**Stored data:**
◆ ◆ ◆

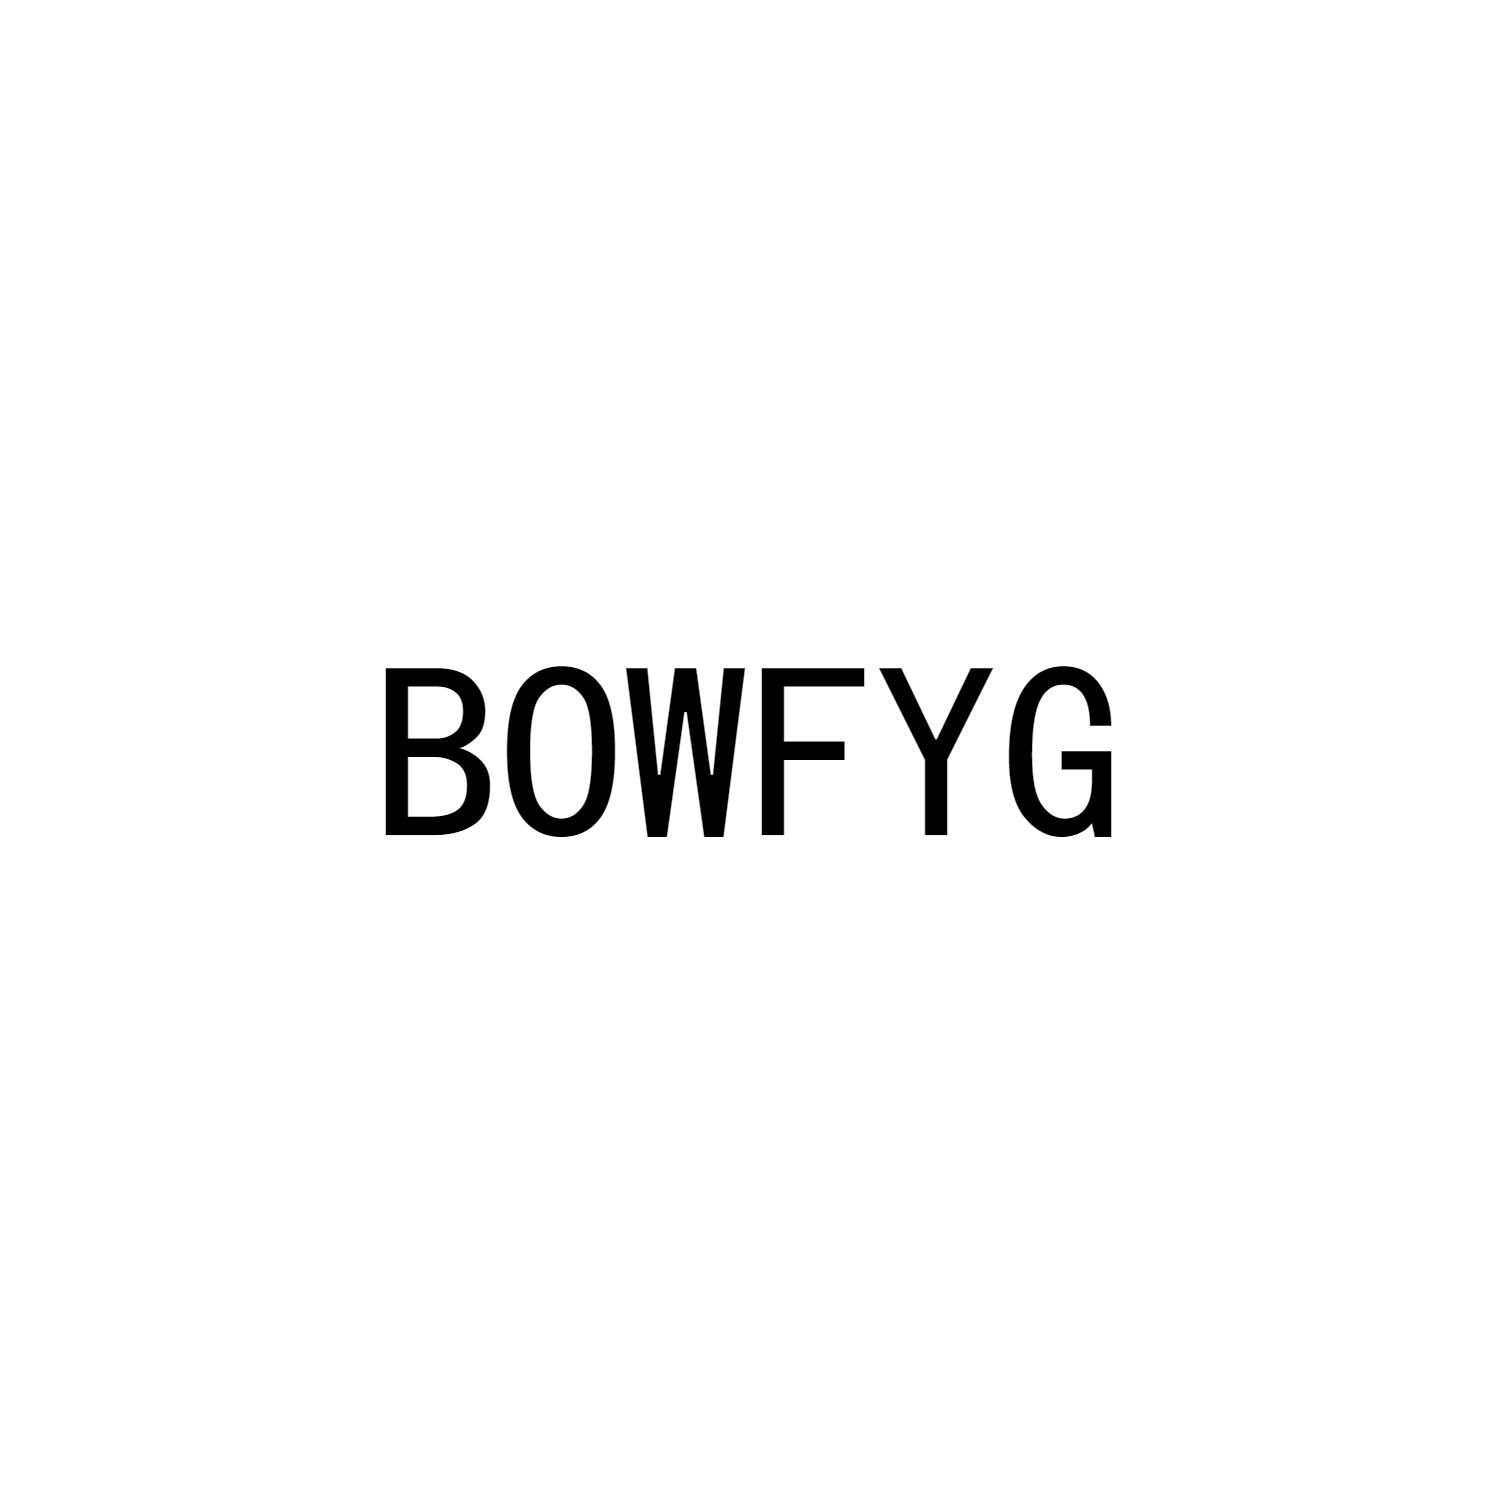 BOWFYG
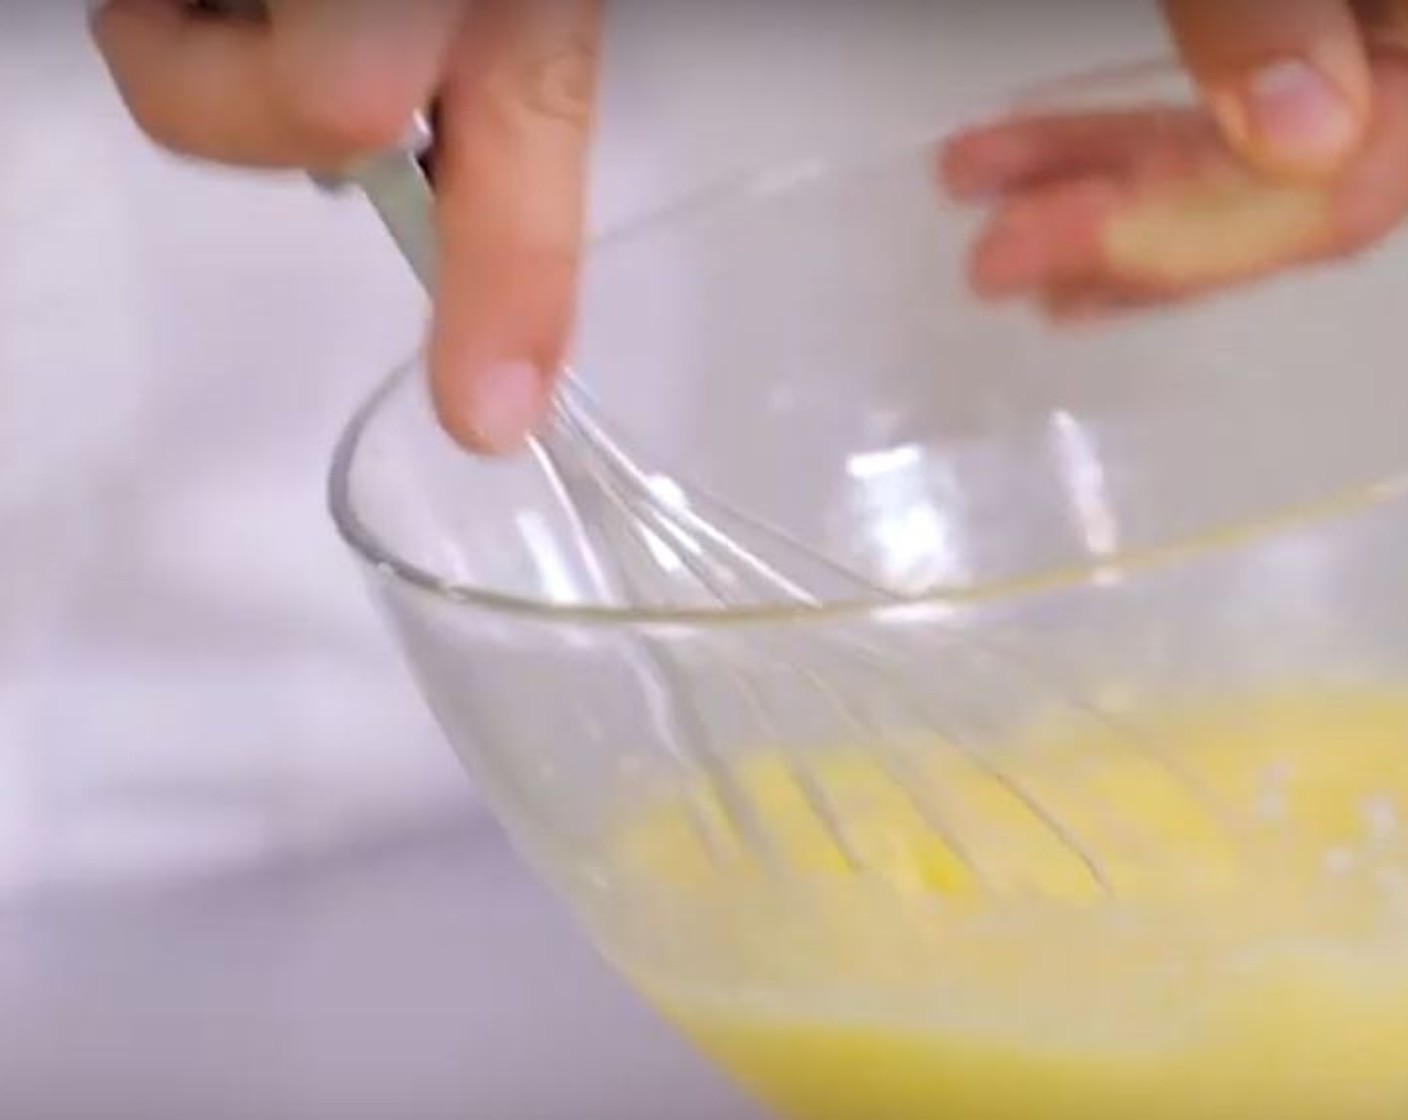 Schritt 1 Zuerst die Butter (7 Teelöffel) schmelzen. In einer Schüssel Eier (2) Zucker (75 g) und den Saft einer Zitrone (1) mixen. Zum Schluss die flüssige Butter unterrühren.
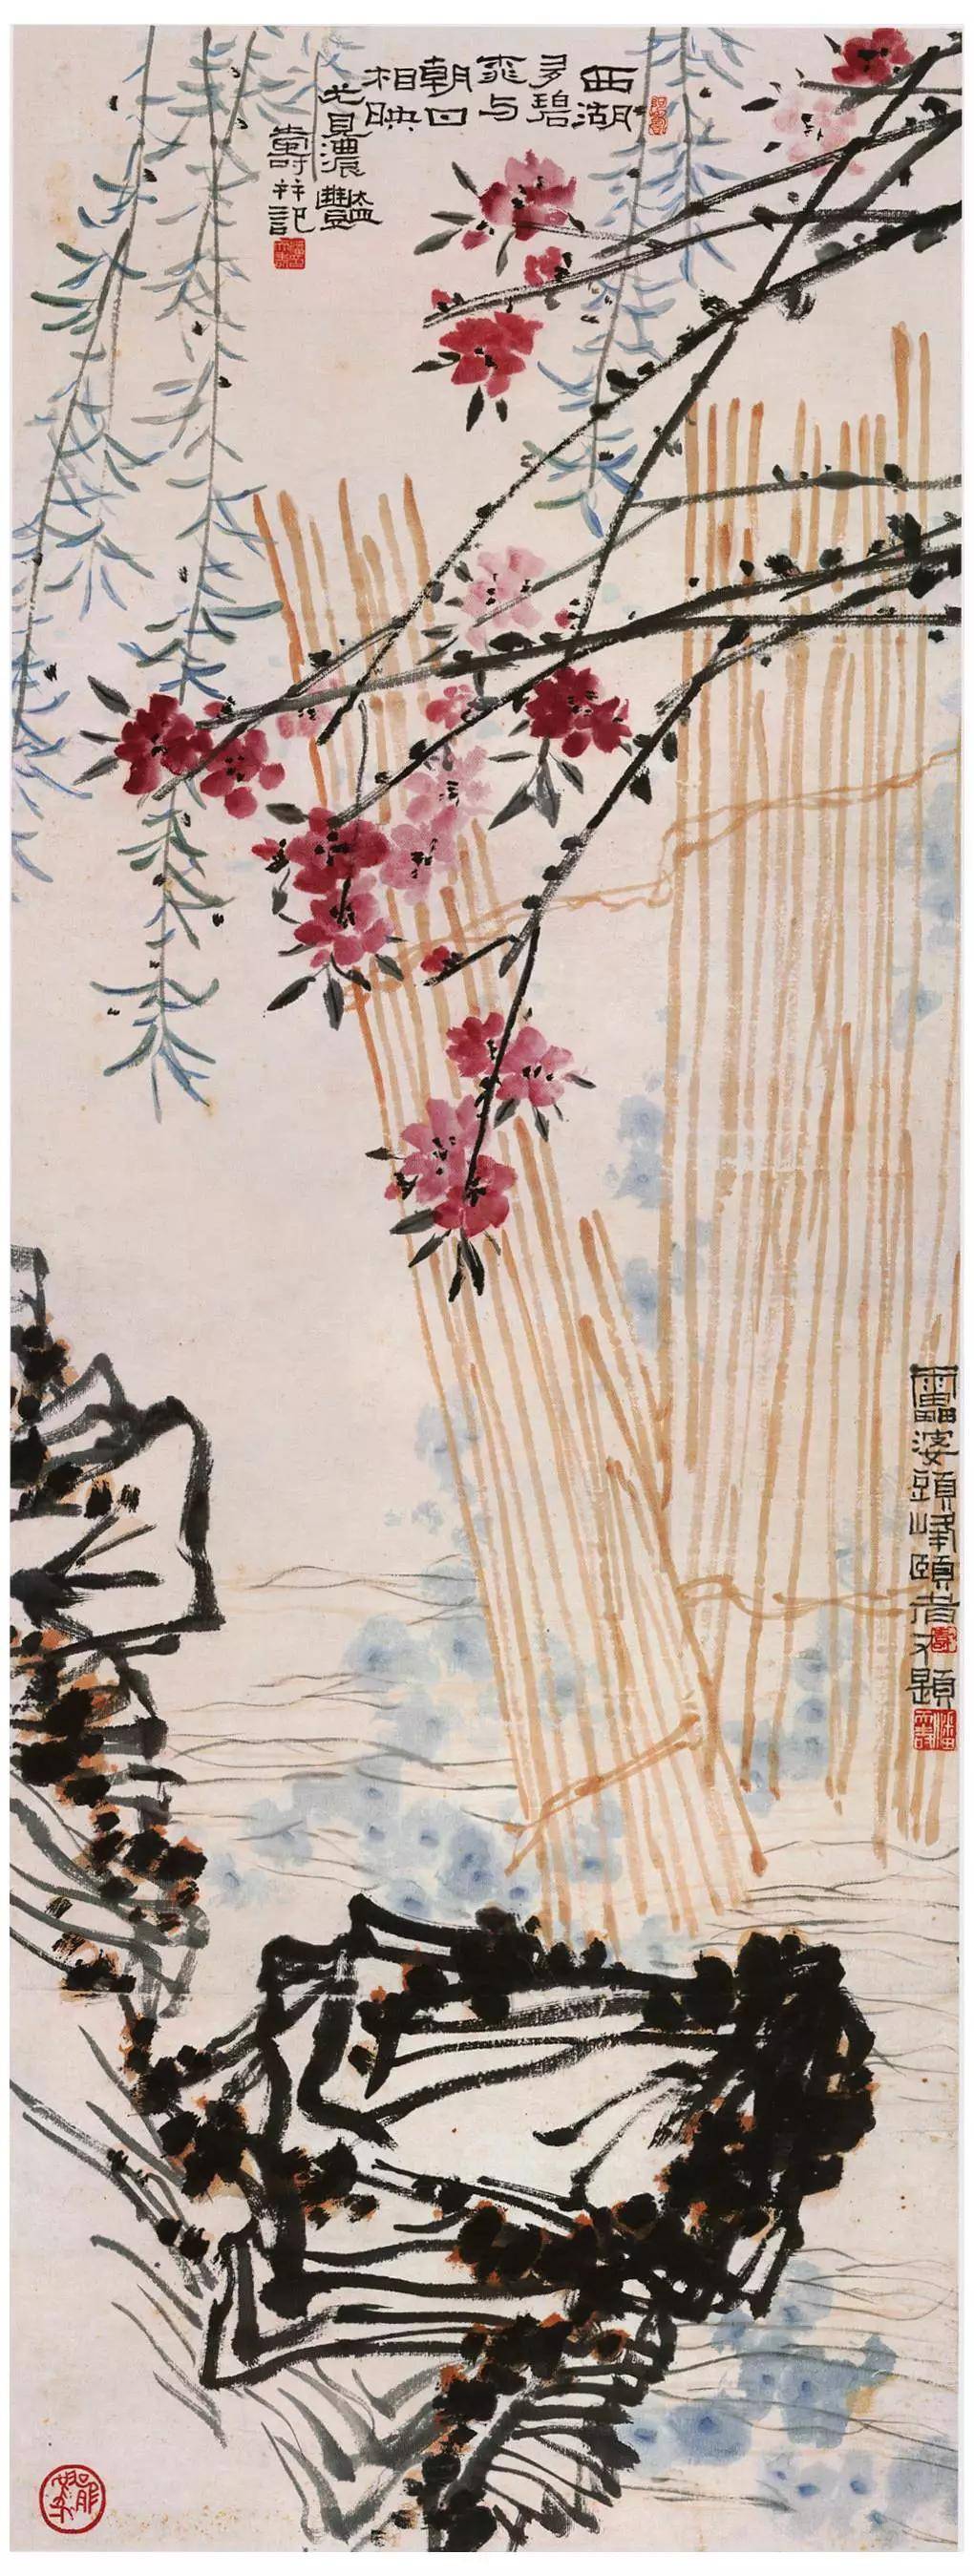 《潘天寿先生课徒稿》:潘天寿的艺术感悟,全蕴藏在这些珍贵的课徒稿

◆ ◆ ◆

**Task directions:** Omit every picture while copying the listing above exactly.

**Completed task:**
 BOWFYG
 Schritt 1 Zuerst die Butter (7 Teelöffel) schmelzen. In einer Schüssel Eier (2) Zucker (75 g) und den Saft einer Zitrone (1) mixen. Zum Schluss die flüssige Butter unterrühren.
 《潘天寿先生课徒稿》:潘天寿的艺术感悟,全蕴藏在这些珍贵的课徒稿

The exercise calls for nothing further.